Libération (édition du 14 octobre) vient de consacrer un gros dossier de cinq pages sur l’e-cigarette dans l’environnement de la polémique née aux États-Unis sur de mauvais usages de la vape (voir Lmdt des 11, 5 et 4 octobre). Extraits.

•• « À Vapexpo, on craint le coup de tabac en France ».

Pour Patrick Bédué, fondateur du salon de Vapexpo, cette douzième édition serait un succès. Quelque 10 000 visiteurs auraient répondu présents sur les  8 000 mètres carrés d’exposition et sur des  stands réservés depuis longtemps. Il estime que ce rendez-vous a été l’occasion de rassurer tout le monde : « à chaque Vapexpo sa polémique. Il y a trois ans, un article mentionnait l’explosion d’une batterie de vapoteuse dans la poche d’une utilisatrice. L’information était vieille de quatre mois … ».

Mais selon plusieurs distributeurs rencontrés sur le salon par Libération, les conséquences du scandale des e-liquides « frelatés » américains commencent à se faire sentir. Pour Charly Pairaud, codirigeant de l’entreprise Vincent dans les vapes (VDLV / voir Lmdt du 29 septembre), « les distributeurs français ressentent une baisse de 25 % à 30 % des commandes. »

Cette baisse concerne essentiellement les petits équipements dits « kits simples », destinés aux débutants. « La mauvaise presse et la désinformation ont des conséquences sur la santé publique » assure-t-il, « sur les trois dernières années, l’augmentation des vapoteurs est liée à la baisse de consommation des fumeurs, elle n’a rien à voir avec le paquet neutre. Les résultats du mois sans tabac seront sûrement catastrophiques. »

•• « Rester vigilant est la moindre des choses » explique Benoît Vallet, Directeur général de la Santé sous Marisol Touraine. Aujourd’hui magistrat à la Cour des Comptes, il reste un des meilleurs et plus indépendants de ce dossier, selon Libération.

Refusant le terme d’hystérie, il estime que « cette séquence suscite une méfiance et une inquiétude dans les milieux sanitaires et au sein même des vapoteurs. Le vapotage est une pratique récente, elle a dix ans, ce qui ne permet pas un recul extraordinaire. Rappelons qu’il faut en moyenne quinze à vingt ans pour déclencher un cancer et autour de cinq à dix ans pour une maladie cardiaque. Rester vigilant est la moindre des choses ».

Le vapotage est aujourd’hui la meilleure façon de sortir du tabagisme : « c’est une méthode fortement utilisée car elle repose sur une dynamique comportementale proche du fait de fumer (…) Et les chiffres parlent d’eux-mêmes : on a dénombré une baisse de plus de 100 000 fumeurs grâce au vapotage ».

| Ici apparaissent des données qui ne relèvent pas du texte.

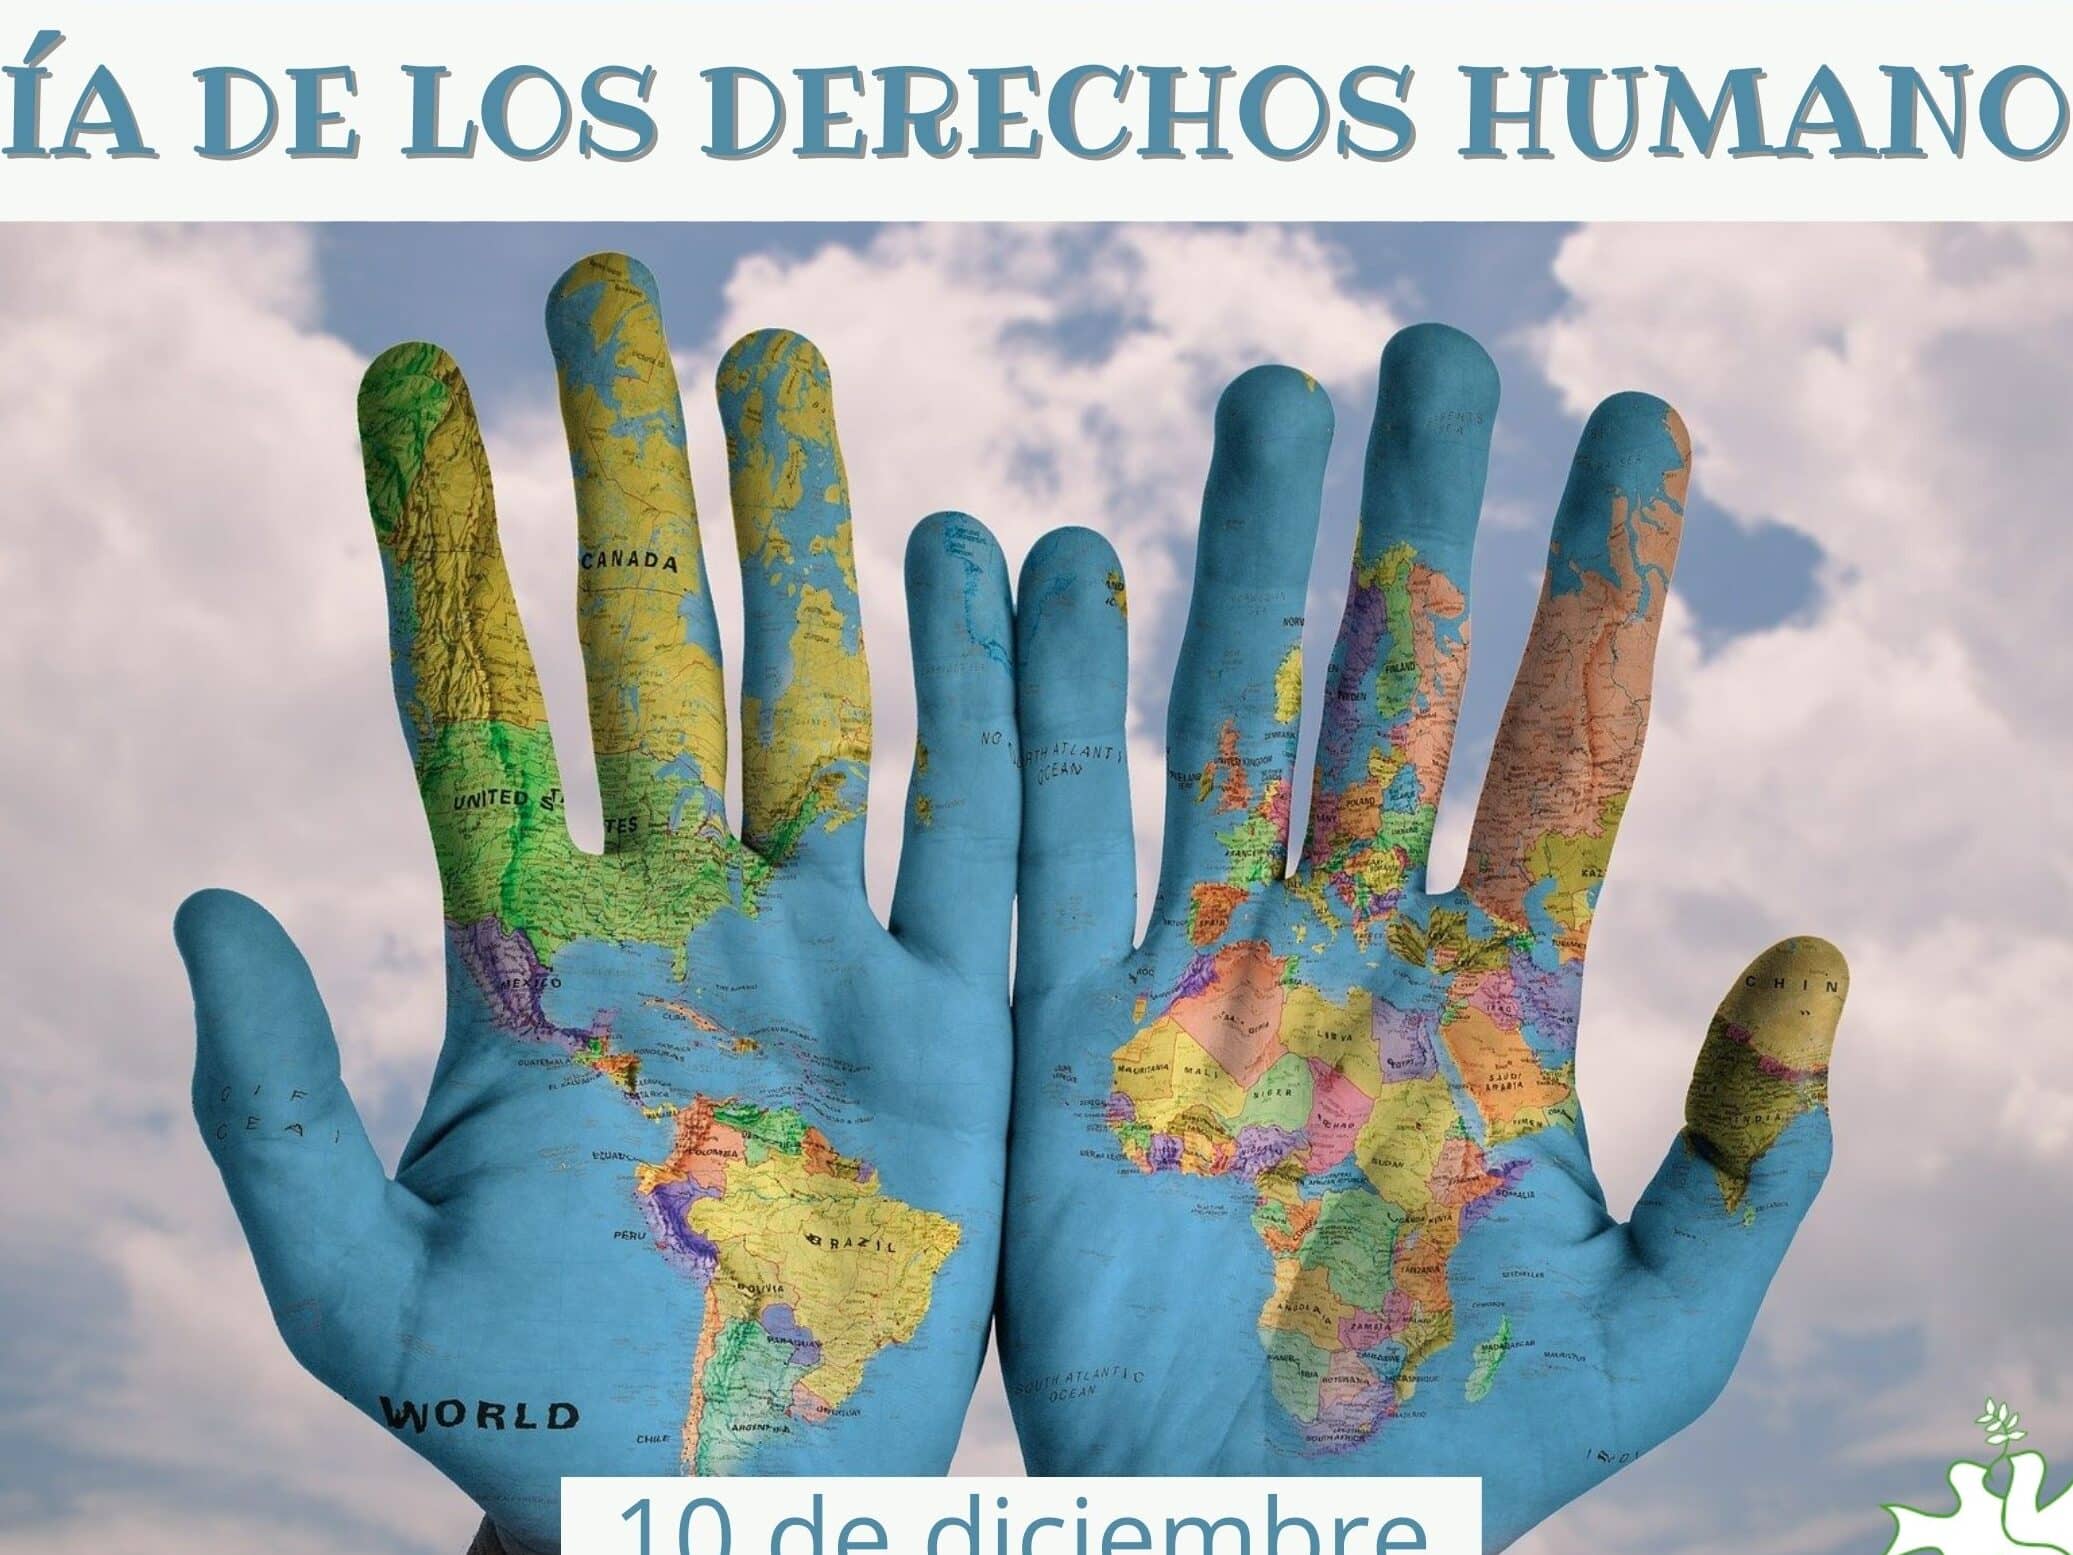 dia de los derechos humanos el dia 10 de diciembre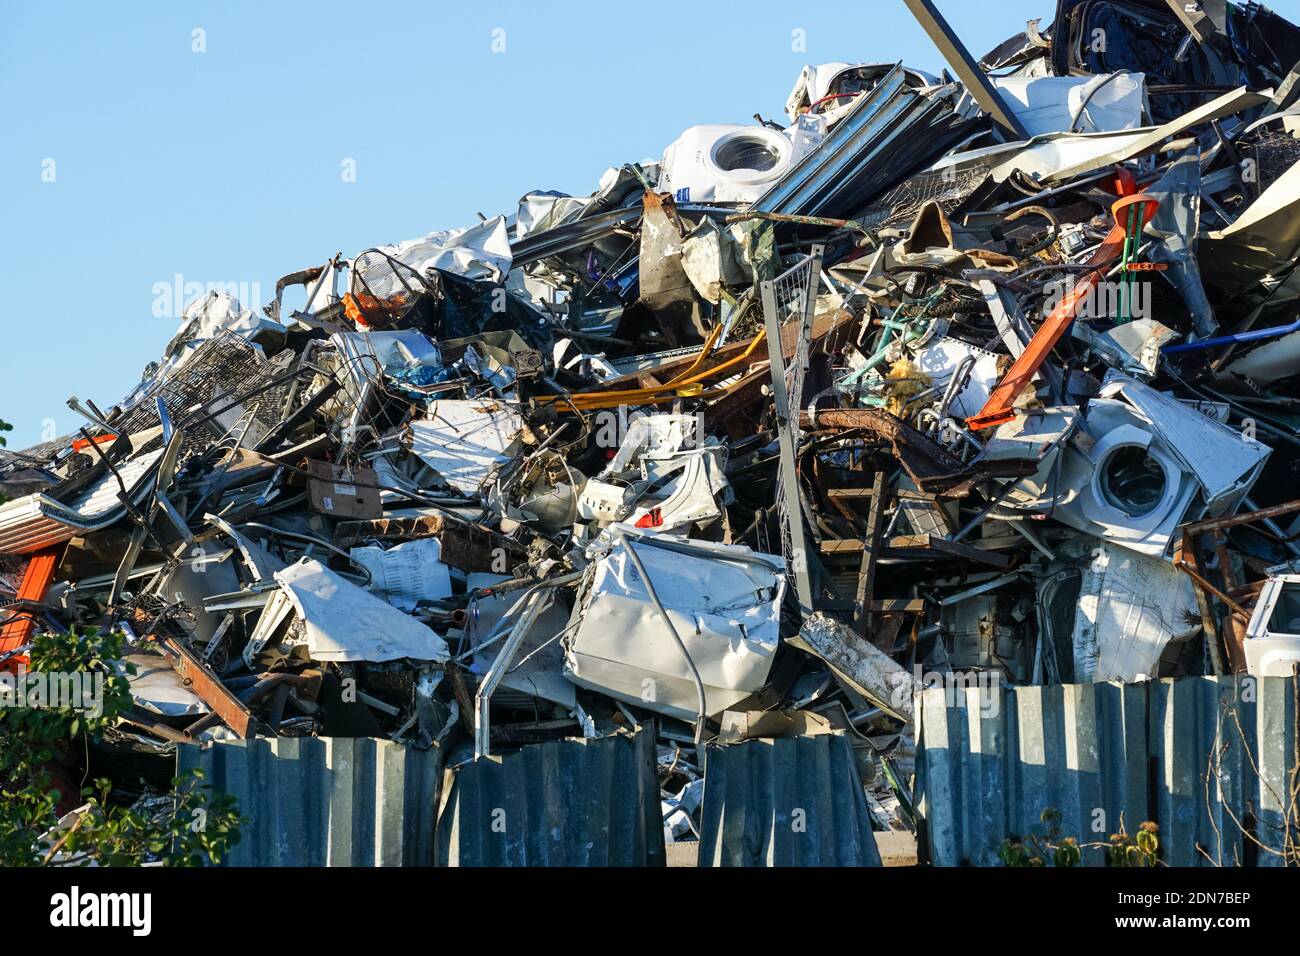 Big pile of scrap metal Stock Photo

•• « En vapotant, les ados inhalent des drogues de synthèse dangereuses », alerte Joëlle Micallef, présidente de l’Association française des Centres d’Addictovigilance. En 2015, un centre a identifié un premier cas hospitalisé après avoir consommé une drogue de synthèse par vapotage. Depuis une centaine de cas de troubles psychiatriques ou cardiaques ont été recensés à travers la France.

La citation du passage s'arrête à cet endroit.